Generic Name: esmolol (ES moe lol)
Brand Name: Brevibloc

What is esmolol?

Esmolol is a beta-blocker that affects the heart and circulation (blood flow through arteries and veins).

Esmolol is used to help keep the heart beating normally in people with certain heart rhythm disorders of the atrium (the upper chambers of the heart that allow blood to flow into the heart). Esmolol is used in people with atrial fibrillation or atrial flutter.

Esmolol is also used during surgery to help regulate blood pressure and heart rate.

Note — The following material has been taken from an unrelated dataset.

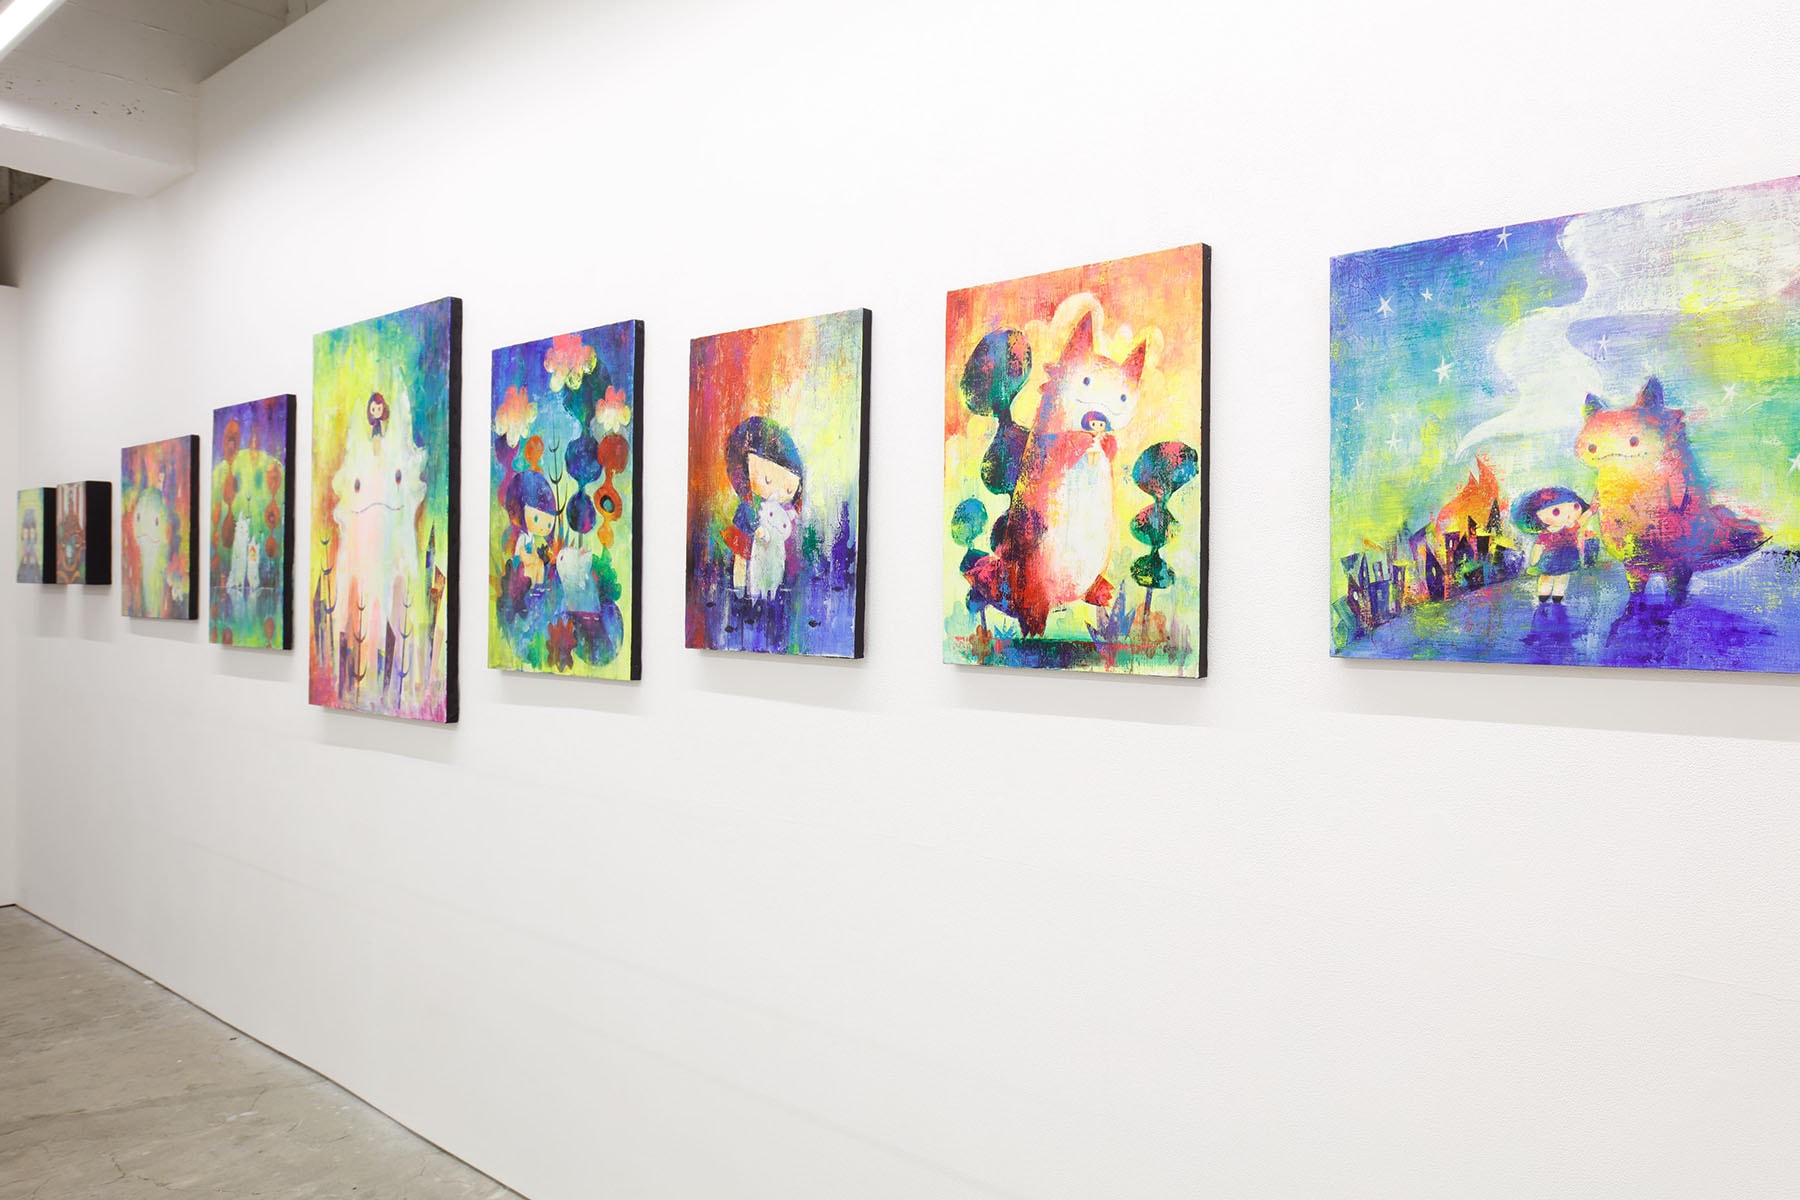 走進日本藝術家 Shoko Nakazawa x T9G 聯合展覽《SxT Zingaro》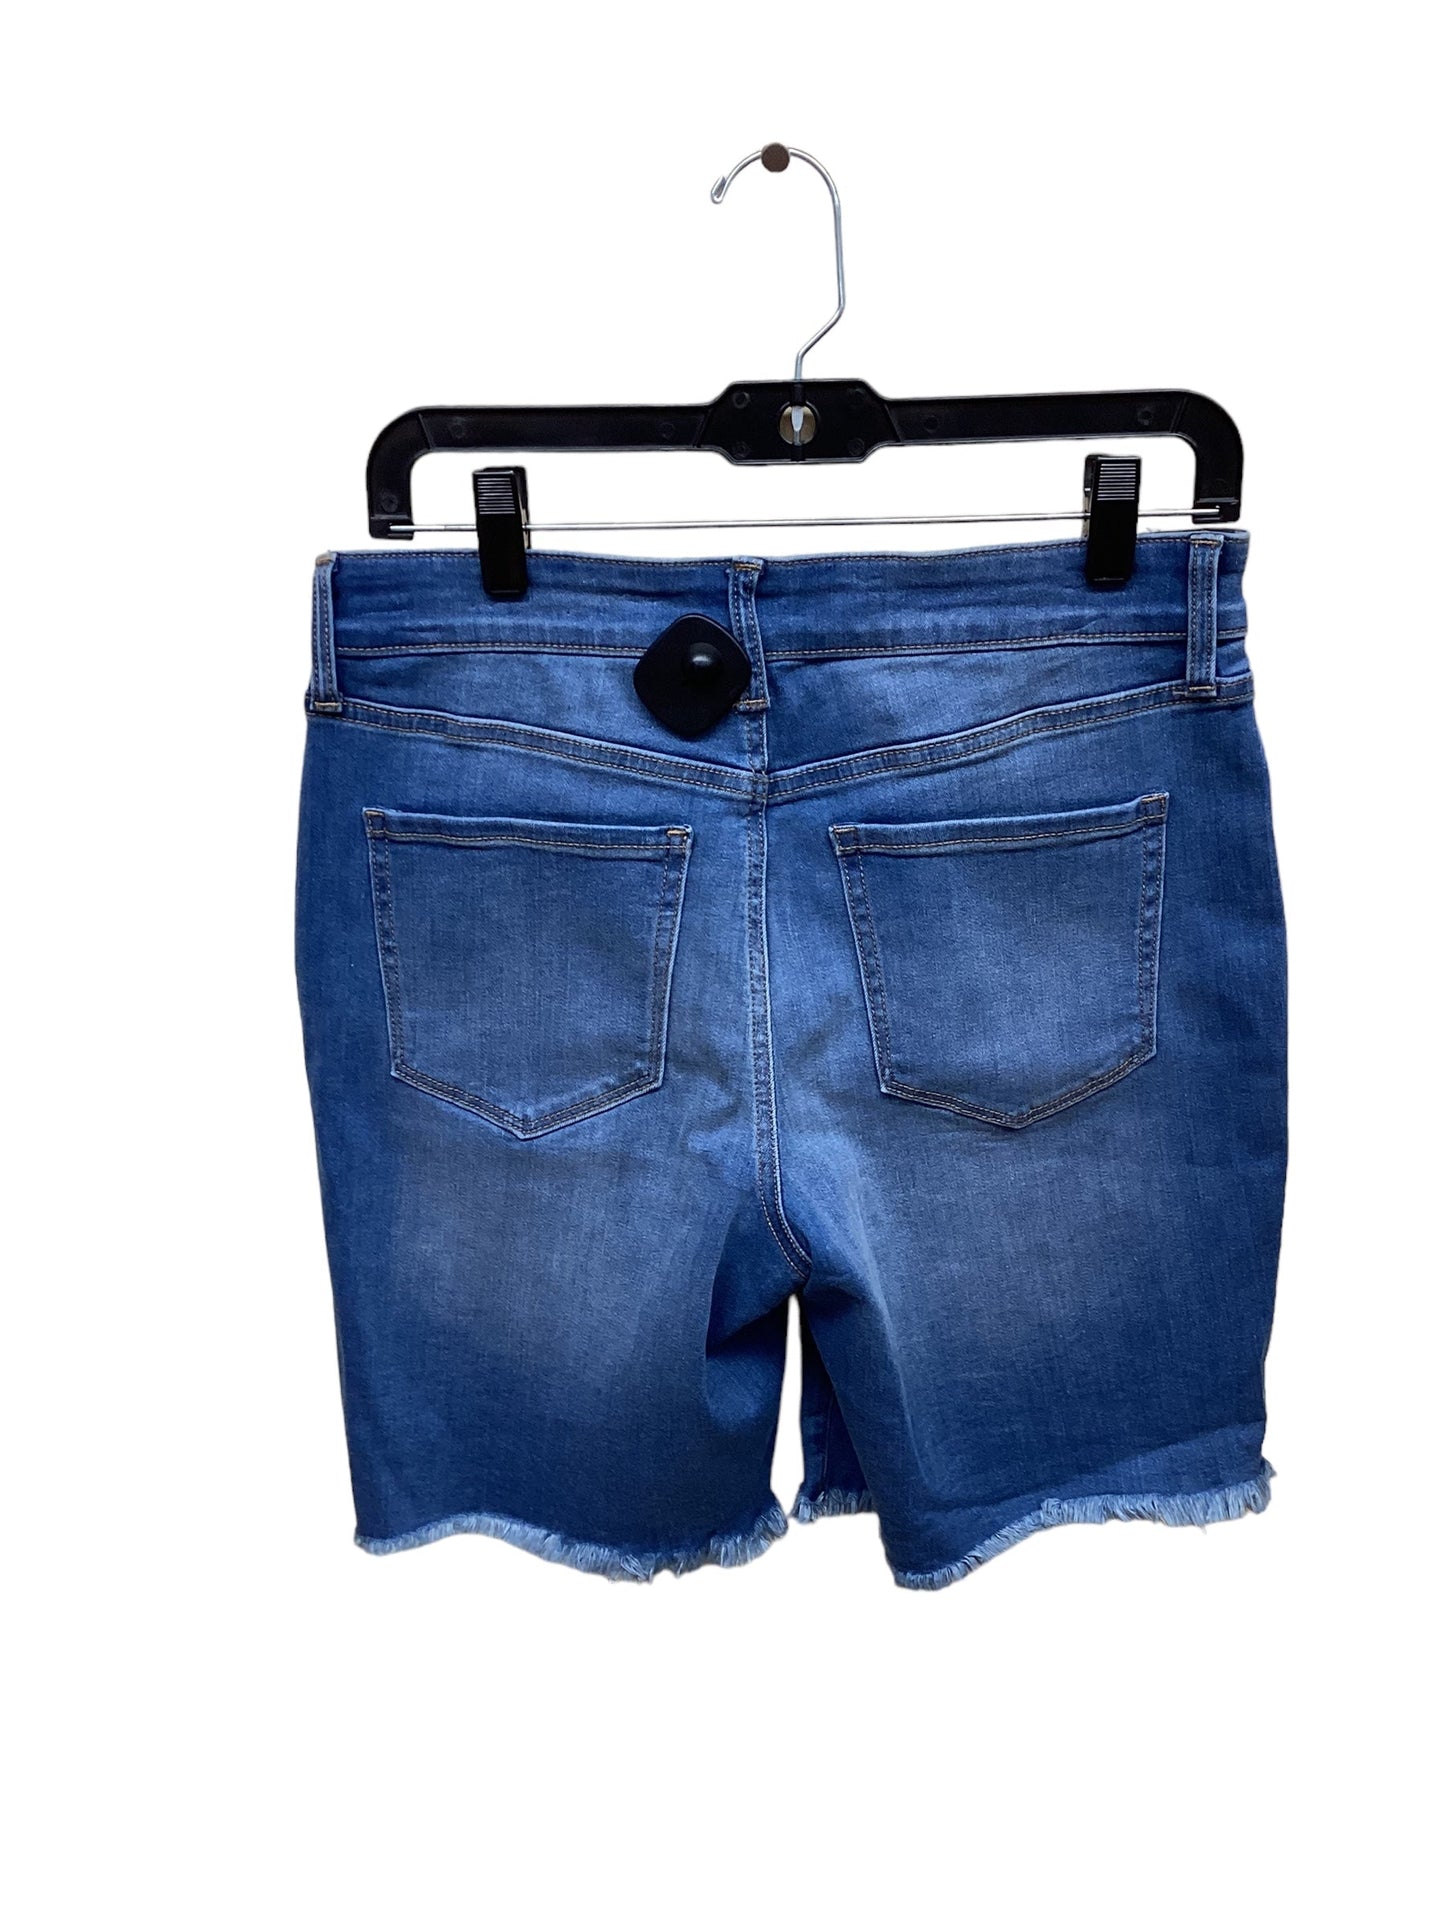 Blue Denim Shorts Nine West, Size 6

Esmolol may also be used for purposes not listed in this medication guide.

What is the most important information I should know about esmolol?

You should not be treated with esmolol if you have a serious heart condition ("sick sinus syndrome" or "AV block"), very slow heartbeats, heart failure, pulmonary hypertension, or if you are receiving certain IV heart or blood pressure medications.

In an emergency situation it may not be possible to tell your caregivers about your health conditions. Make sure any doctor caring for you afterward knows you have received this medicine.

What should I discuss with my healthcare provider before receiving esmolol?

In an emergency situation it may not be possible to tell your caregivers about your health conditions. Make sure any doctor caring for you afterward knows you have received this medicine.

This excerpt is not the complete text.